If you are new to mindfulness practice and are wondering what it is exactly, why bother , when and how to do it, I hope this helps you to make a start. If you have been practicing mindfulness for some time, I hope you find something new to add to your ability to be present.
Click here to download the document containing 12 simple yet wonderful mindfulness exercises I heartily recommend.
What is Mindfulness? Does it mean I have to meditate?
There is a lot of myths and misconceptions about this thing called “mindfulness” including thinking that to enjoy the benefits of mindfulness you must meditate. This is not so. While meditation is great, it does not work for everyone. There are many other ways to start practicing everyday mindfulness and you will find several of these on when the pages that follow.
So what is the difference between mindfulness and meditation. Though these two words seem interchangeable, they are not the same.
Mindfulness is a mindset; meditation is a way of training to achieve it.
Mindfulness is the quality of simply being present — the experience of being open and aware in the moment, without judgment or criticism, focusing your mind on the present rather than wandering. When you are distracted, unaware of what you are doing, the end product suffers. Mindfulness is not just a state of mind — a lack of focus affects the quality of your work or whatever you are doing in that moment. How you do something matters more than what you do – for example, just think back to the last time you did something in a rush or in an angry mood and you get the picture!
But in addition to improving focus, for many the main benefit of being mindful is that it reduces stress and anxiety. Most anxiety is caused when your mind is in the past or the future. If you are imagining a horrible future, things going wrong, running scary ‘what if’ thoughts, doom and gloom mind projections which grow ever more real as you run them over and over in your minds, you experience that fearful state.
When you ruminate on past failings, past wrongs and times we struggled, when you relive painful events, you relive the painful feelings also. Just like that imagined painful future the past too can be distorted and amplified – where the mind goes the body follows.
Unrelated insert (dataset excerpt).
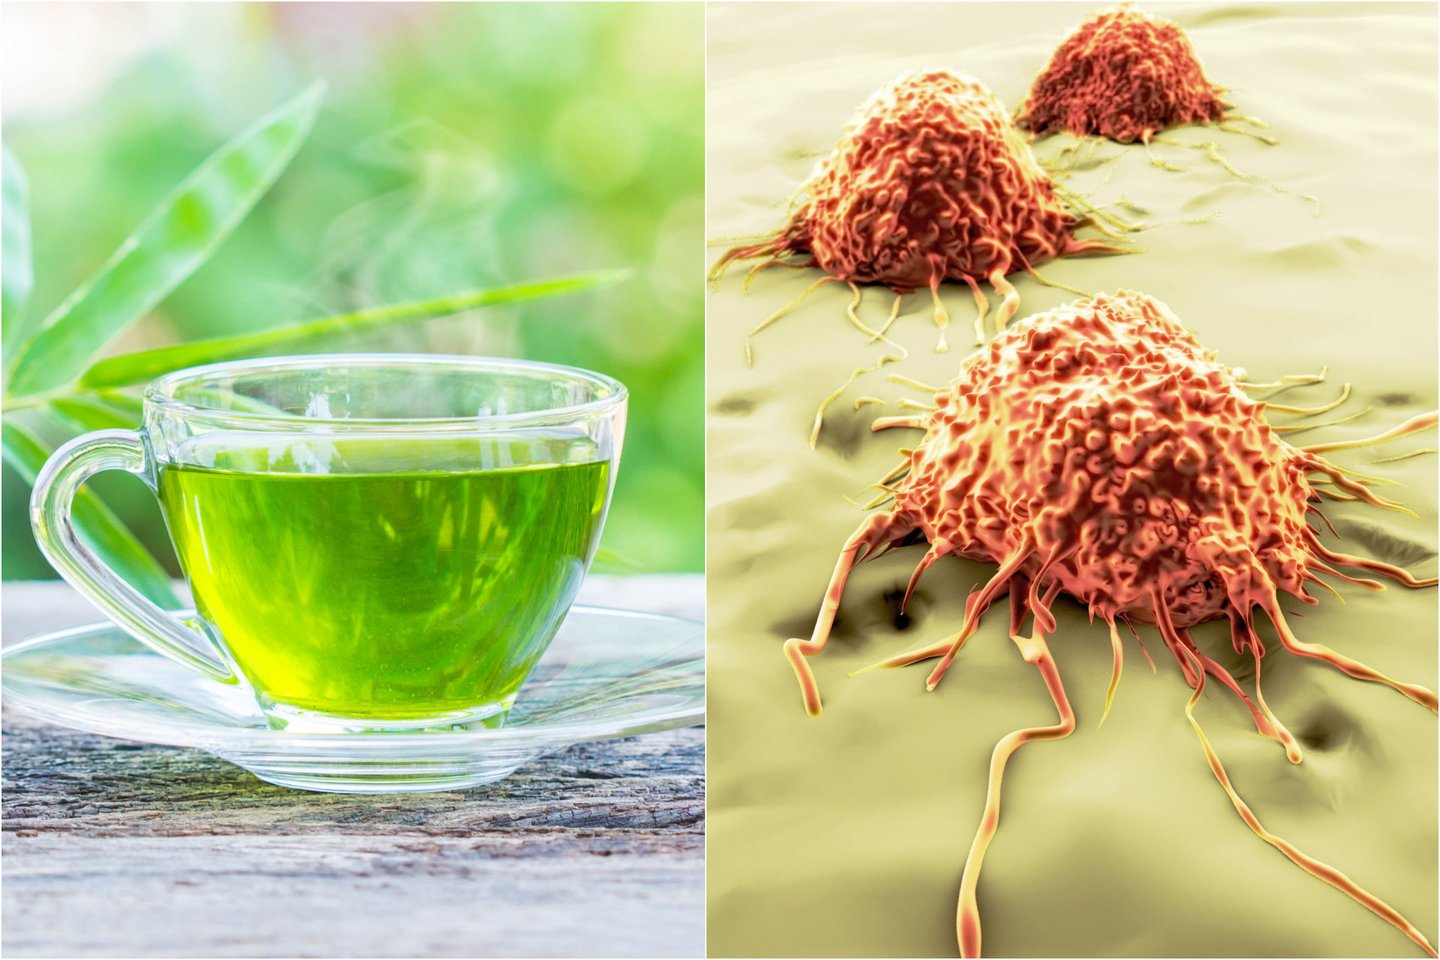  Nanodalelės, esančios arbatos krūmo lapuose, gali apsigyventi ir iš vidaus sunaikinti plaučių vėžines ląsteles.<br> 123rf.com nuotr.
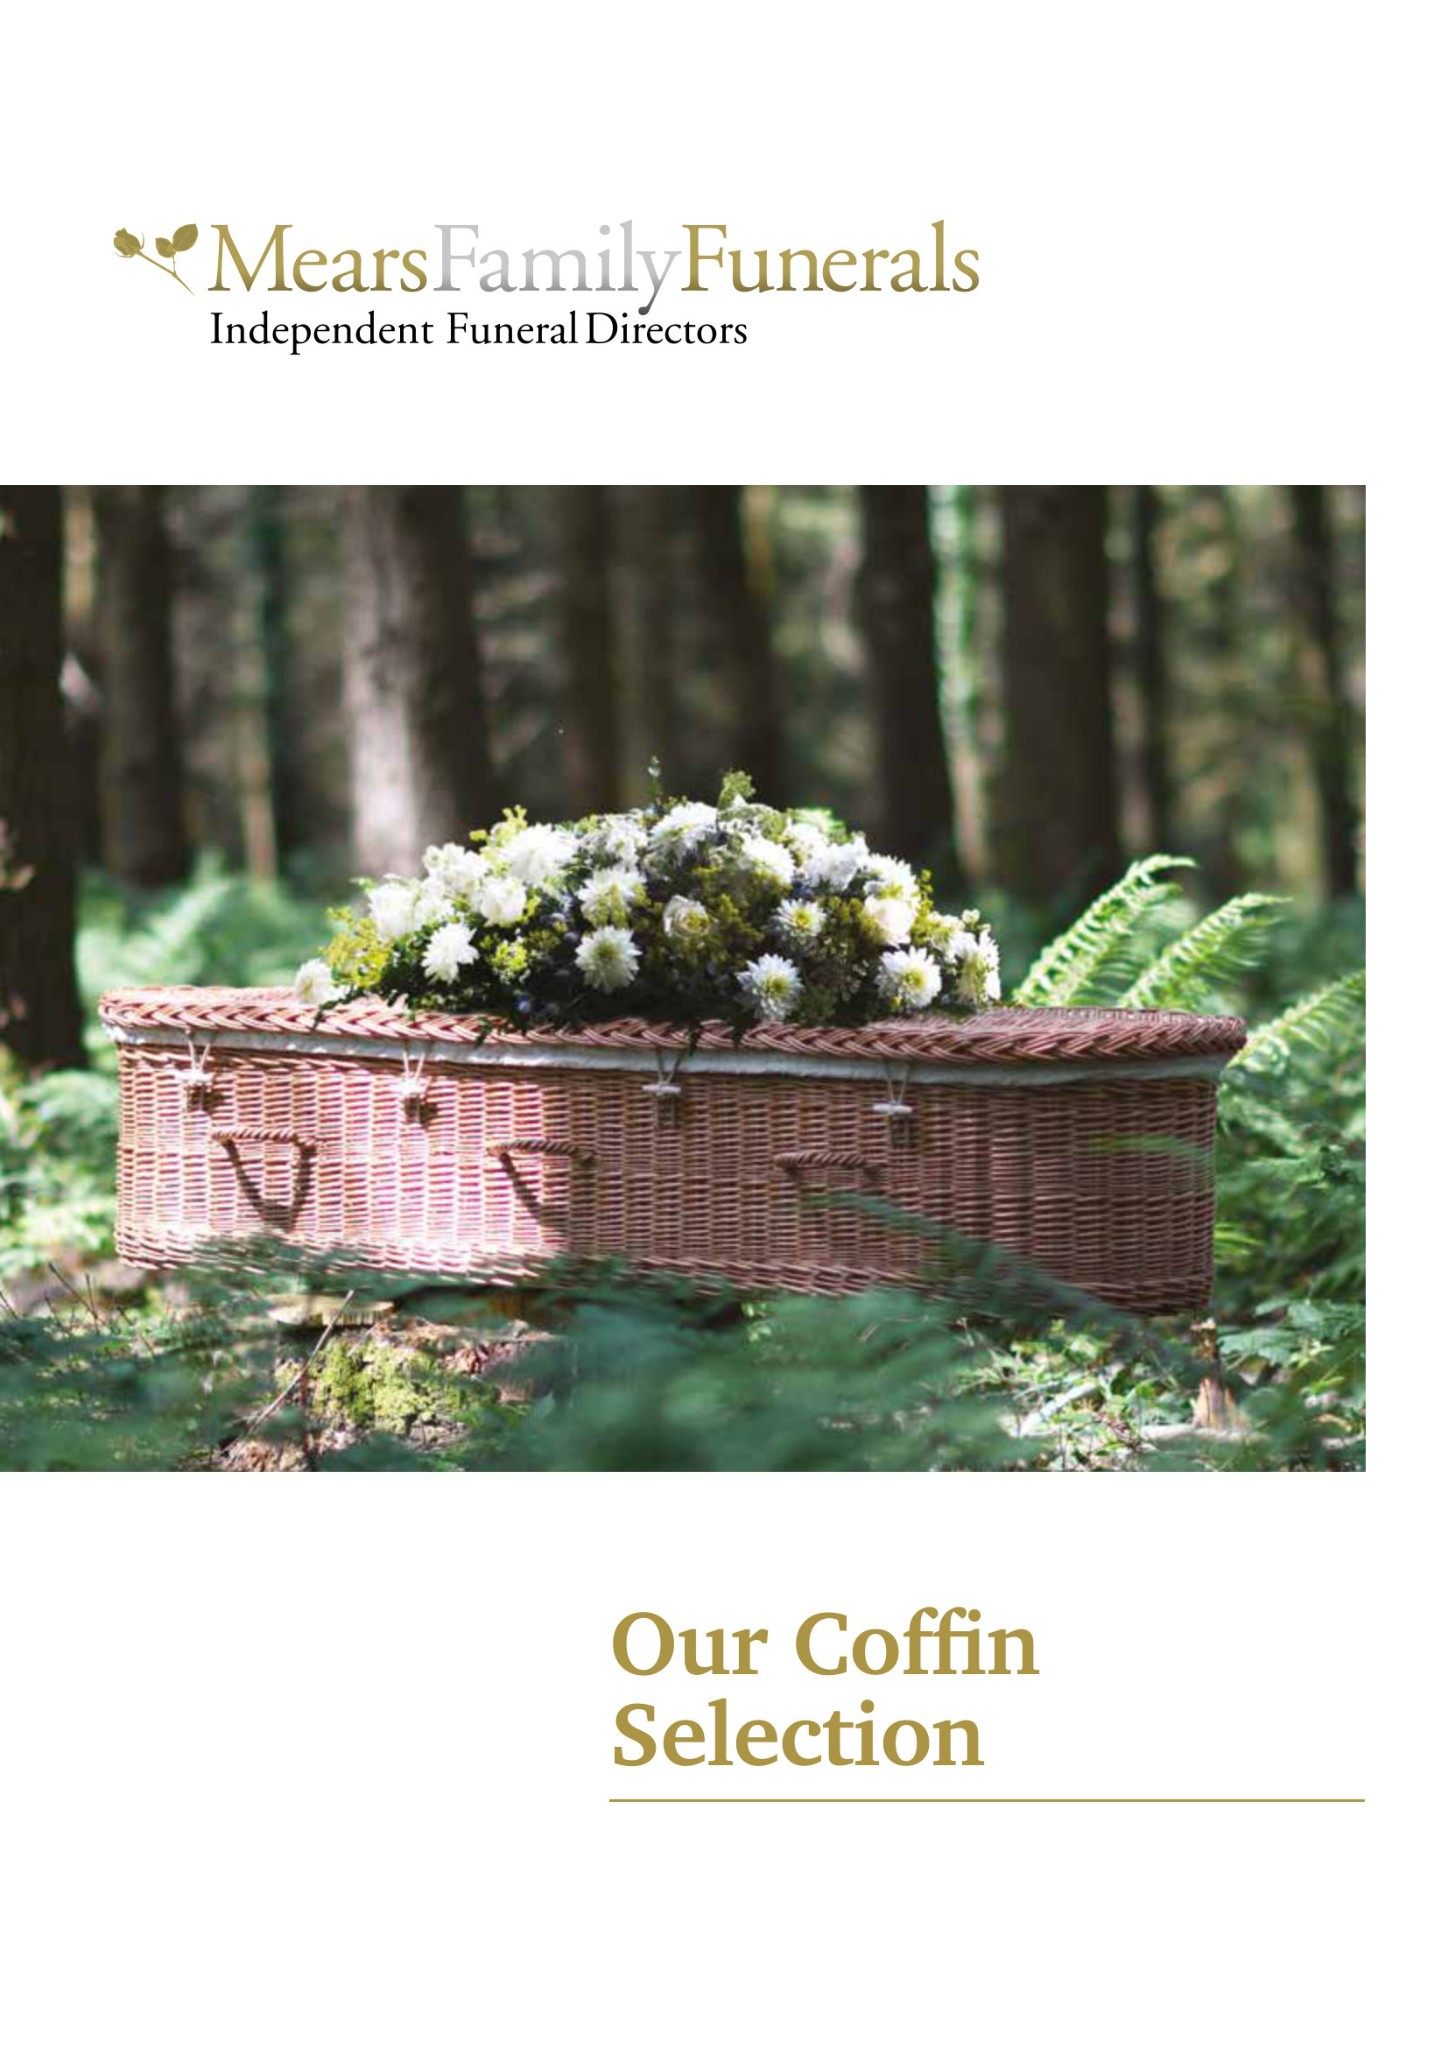 mff-coffins-brochure-01

And as you no doubt know, anxiety and stress significantly impacts our physical health including weakening the immune system, increasing the risk of major health conditions and reducing longevity.
If greater physical well-being and calmness isn’t enough motivation for you, scientific research shows that mindfulness techniques improve self-control, objectivity, tolerance, enhanced flexibility, concentration, and empathy — you gain mental clarity.